### Task description:
Where the data below shows a picture, leave that picture out and copy the rest exactly.

### Dataset extract:
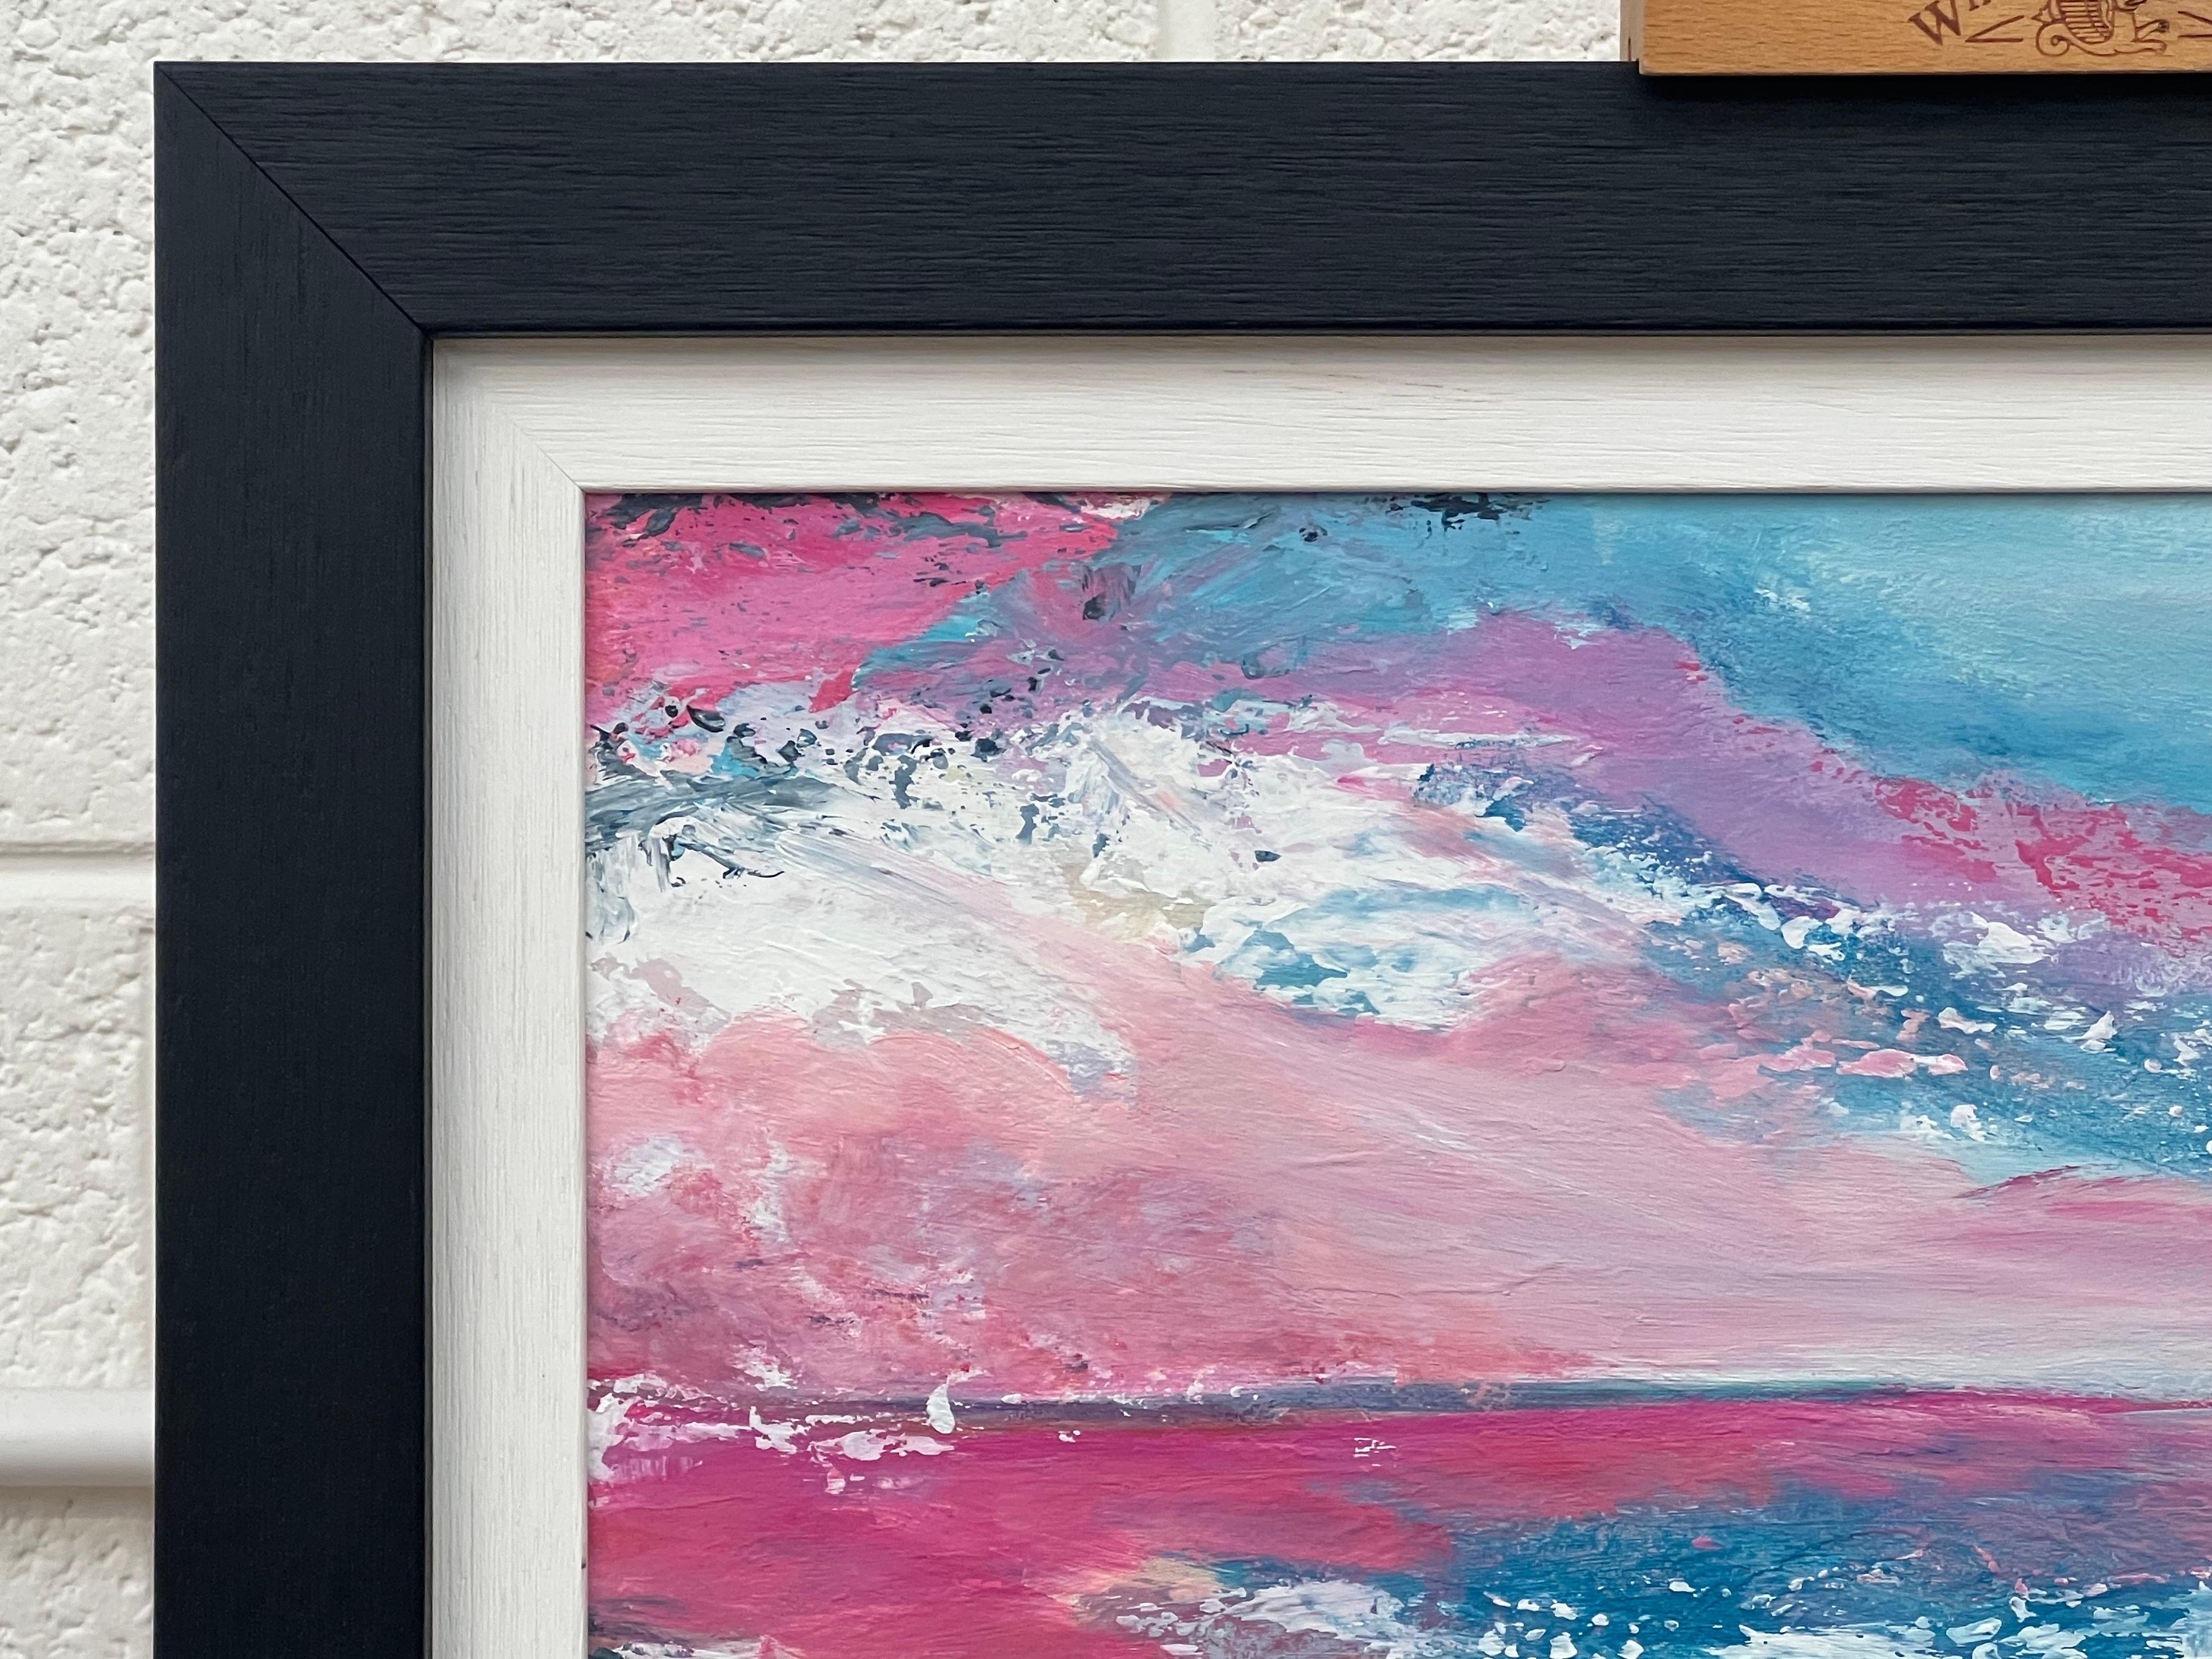 Abstract Landscape Seascape Painting with Pink & Blue Sky by British Artist For Sale 6
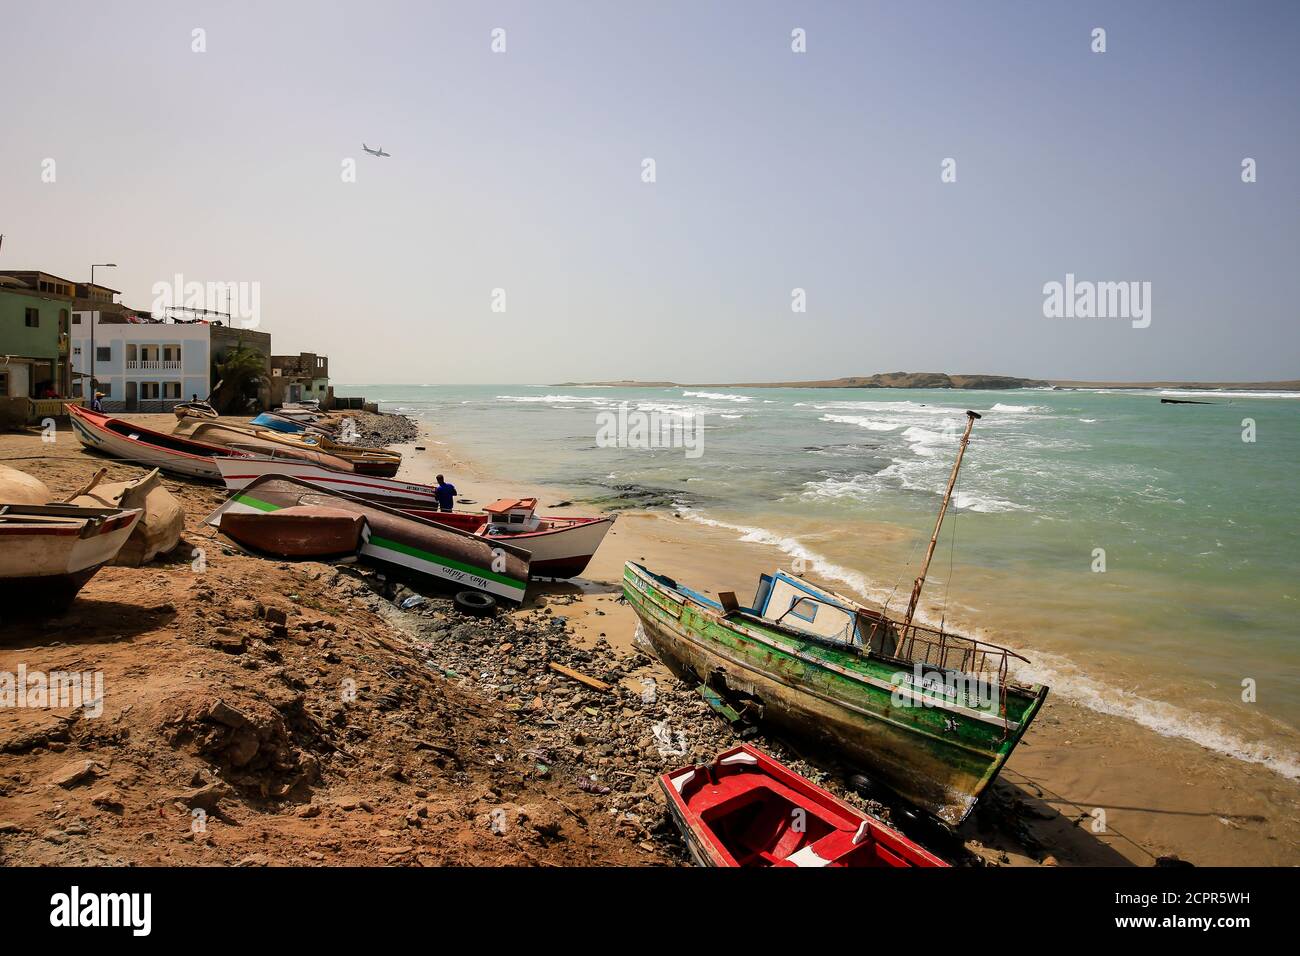 Cape Verde Indigenous High Resolution Stock Photography and Images - Alamy
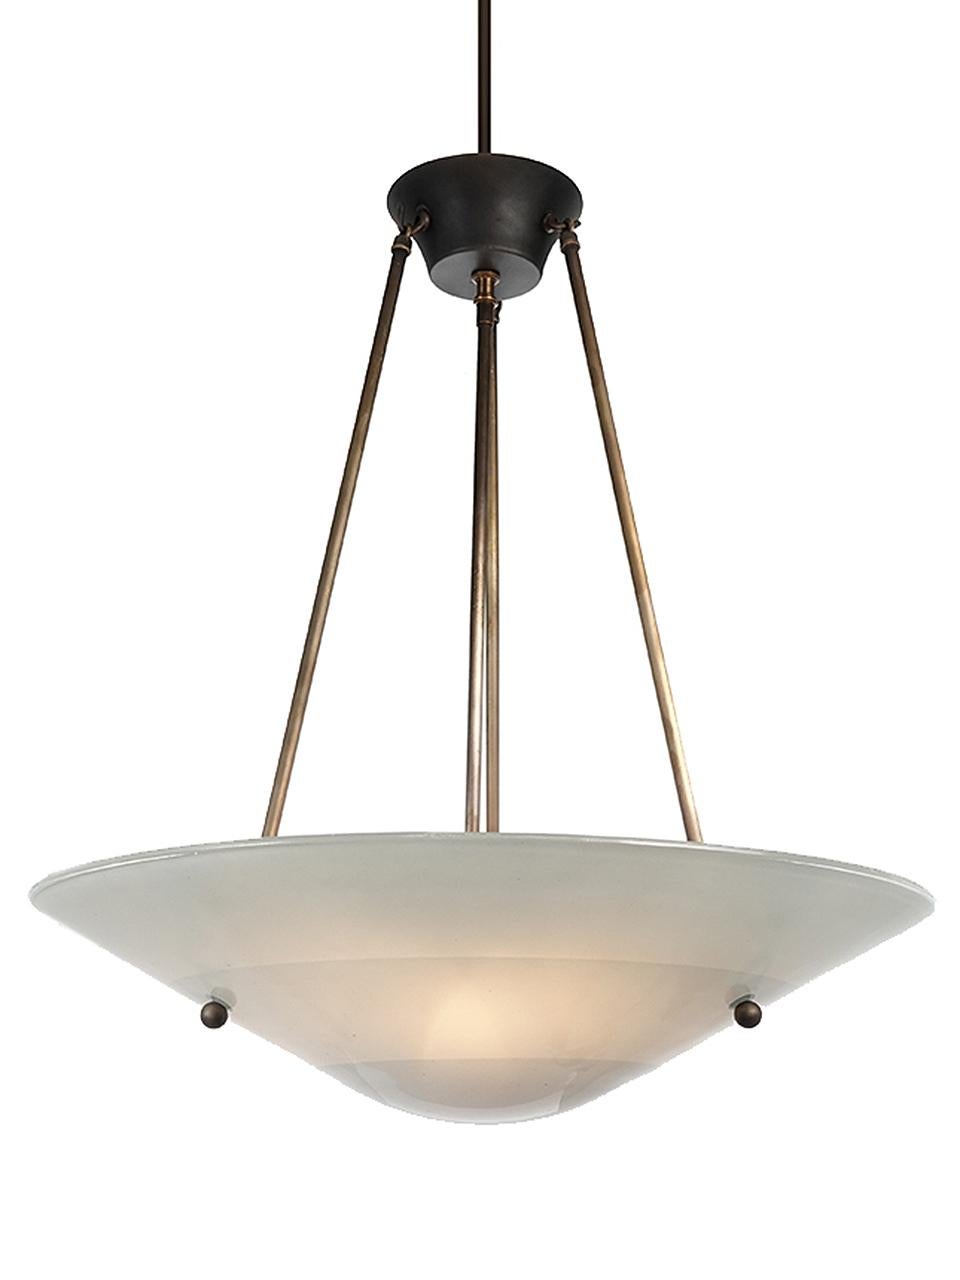 20th Century Mid-Century Modern Conical Glass Chandelier For Sale

### Task output:
 Abstract Landscape Seascape Painting with Pink & Blue Sky by British Artist For Sale 6
 Cape Verde Indigenous High Resolution Stock Photography and Images - Alamy
 20th Century Mid-Century Modern Conical Glass Chandelier For Sale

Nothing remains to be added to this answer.